[Exercise directions] Exact reproduction of all the data is required, with pictures excluded.

[Source material]
__________________________________________________

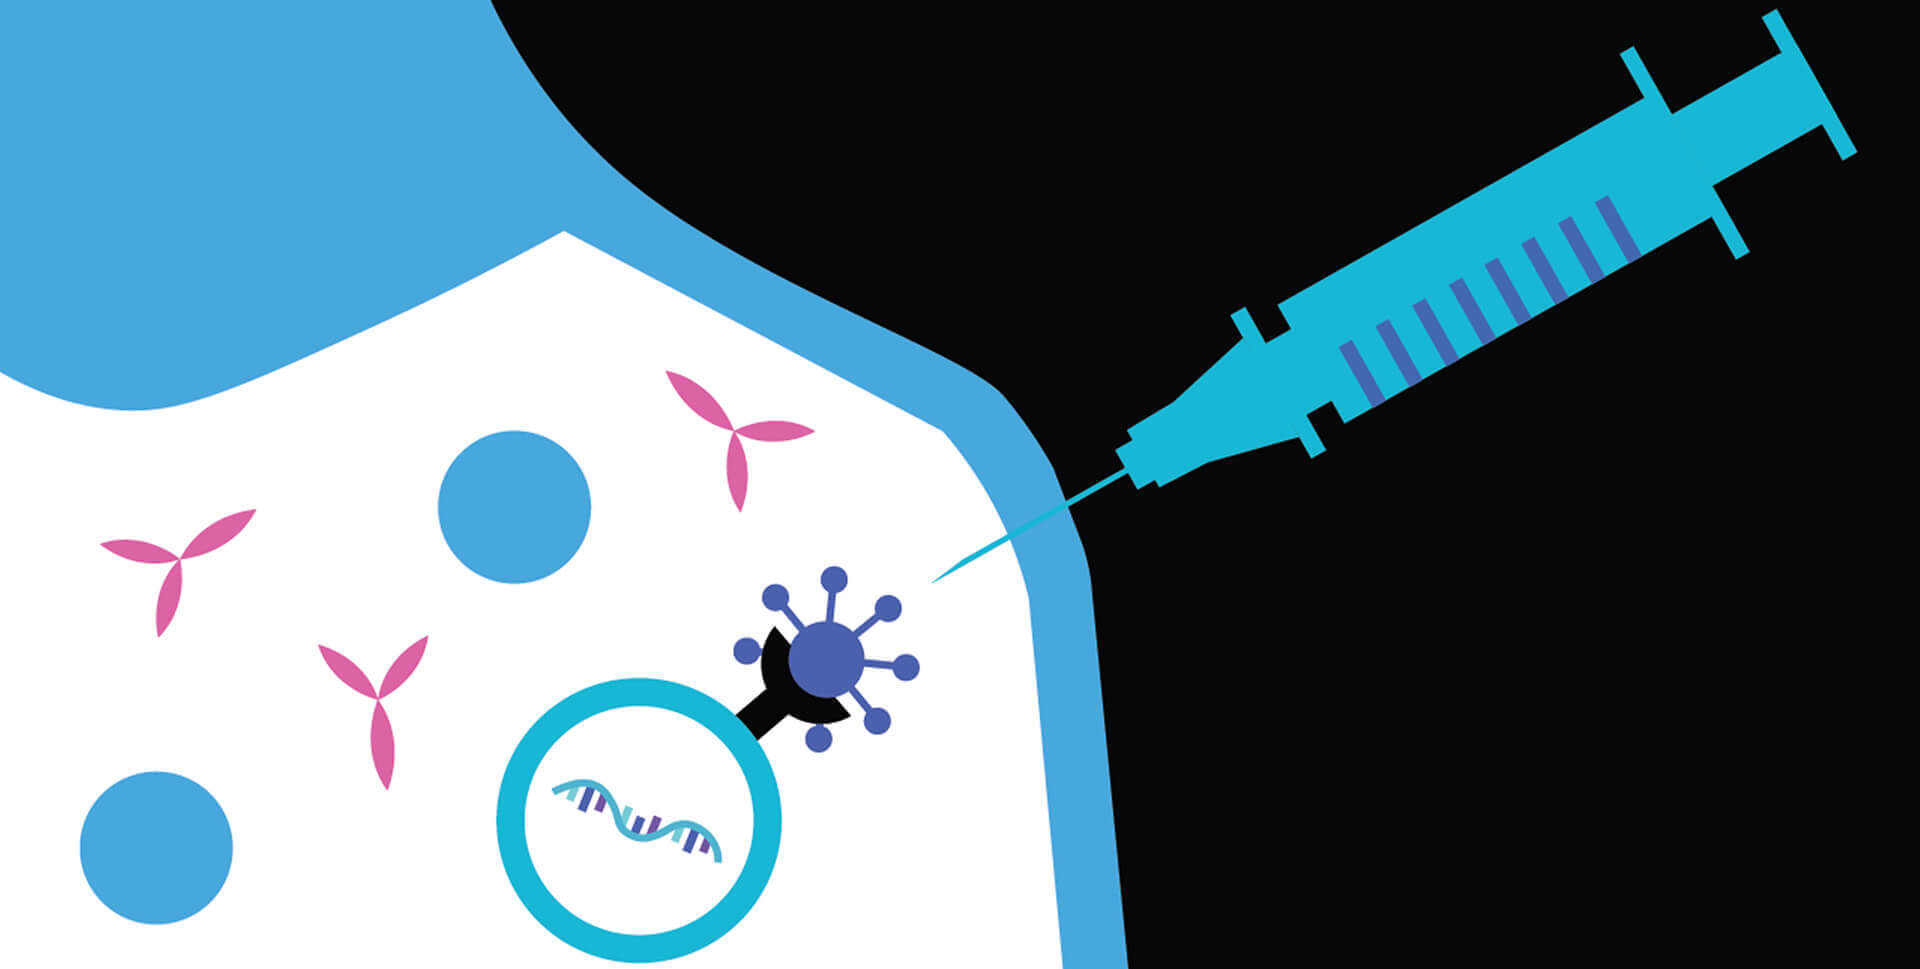 What Makes an RNA Vaccine Different From a Conventional Vaccine?
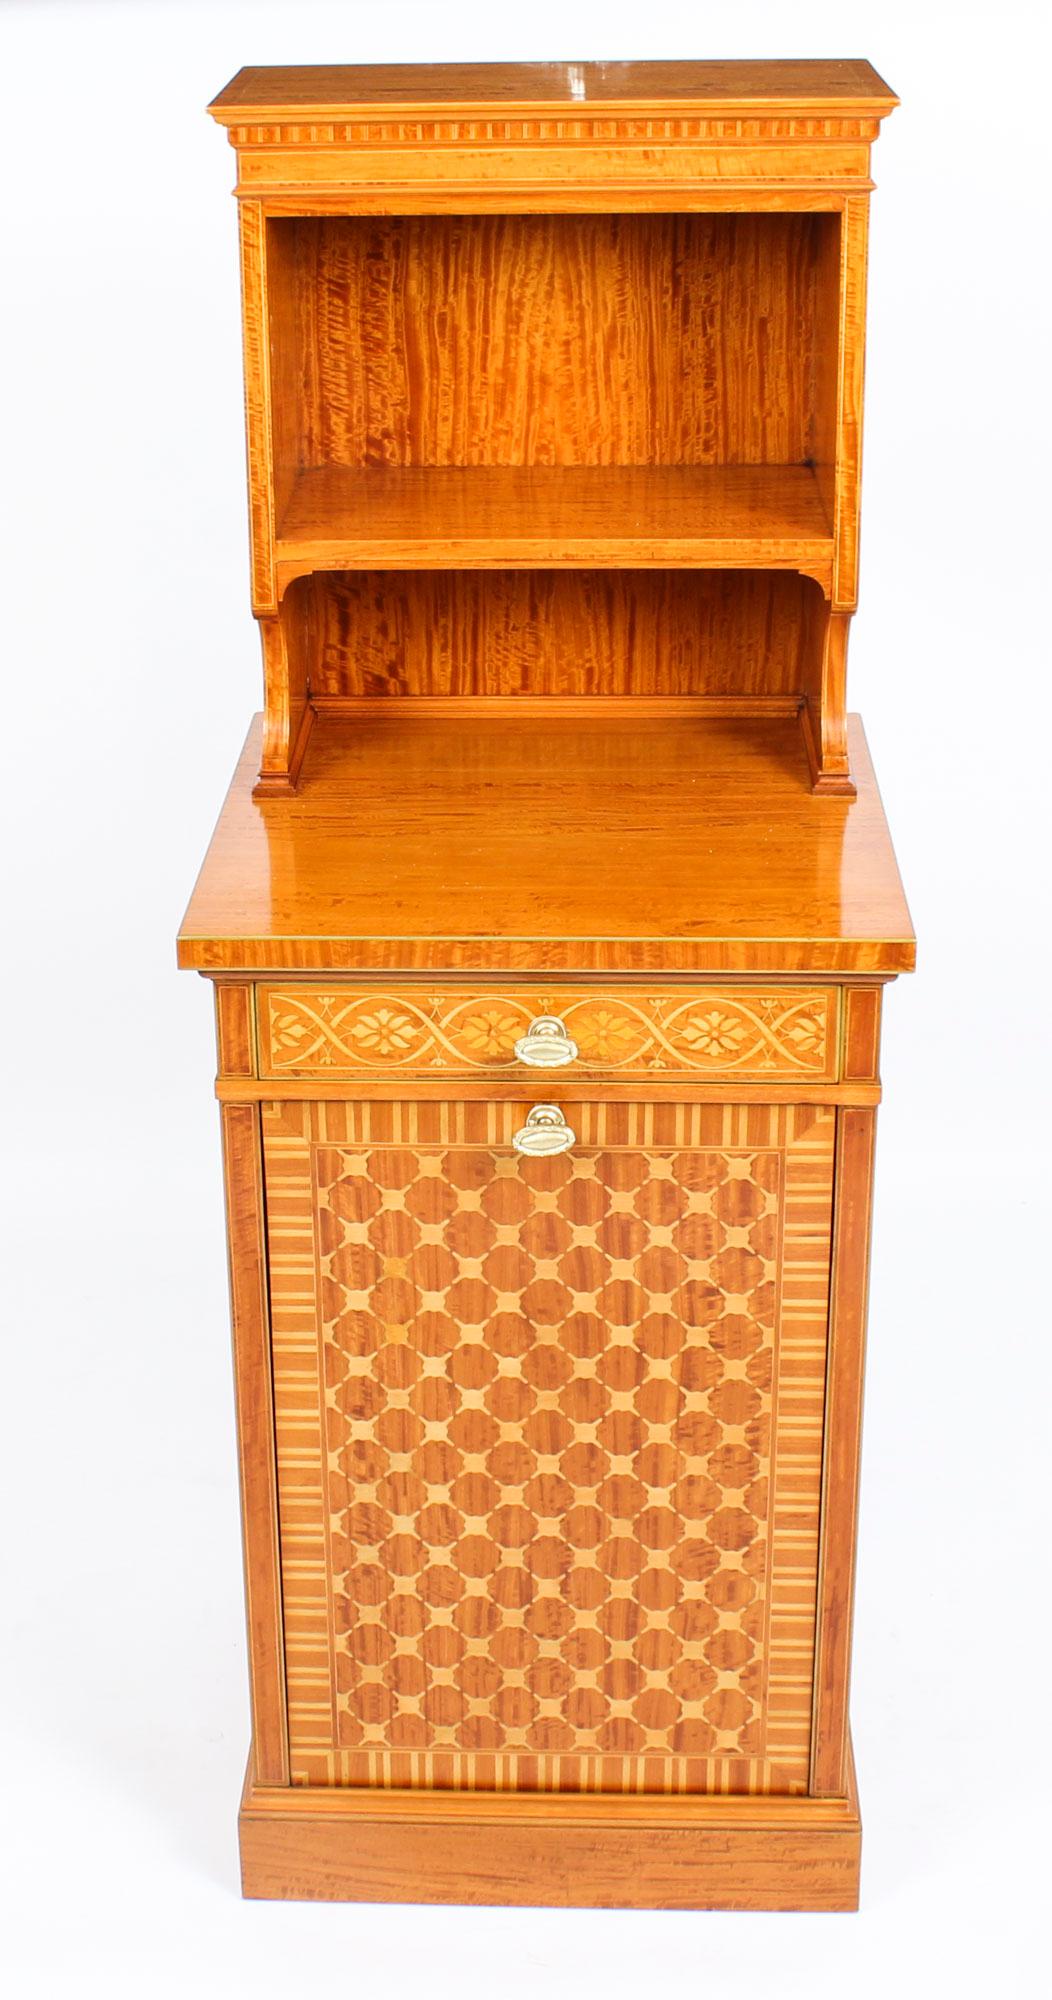 This is a fabulous Antique satinwood side cabinet with marquetry and parquetry decoration by Waring and Gillow, circa 1880 in date.

It has a decorative raised open back fitted with a shelf above a useful central drawer with a pull out cupboard

__________________________________________________

[Result for this exercise]
 What Makes an RNA Vaccine Different From a Conventional Vaccine?
 This is a fabulous Antique satinwood side cabinet with marquetry and parquetry decoration by Waring and Gillow, circa 1880 in date.

It has a decorative raised open back fitted with a shelf above a useful central drawer with a pull out cupboard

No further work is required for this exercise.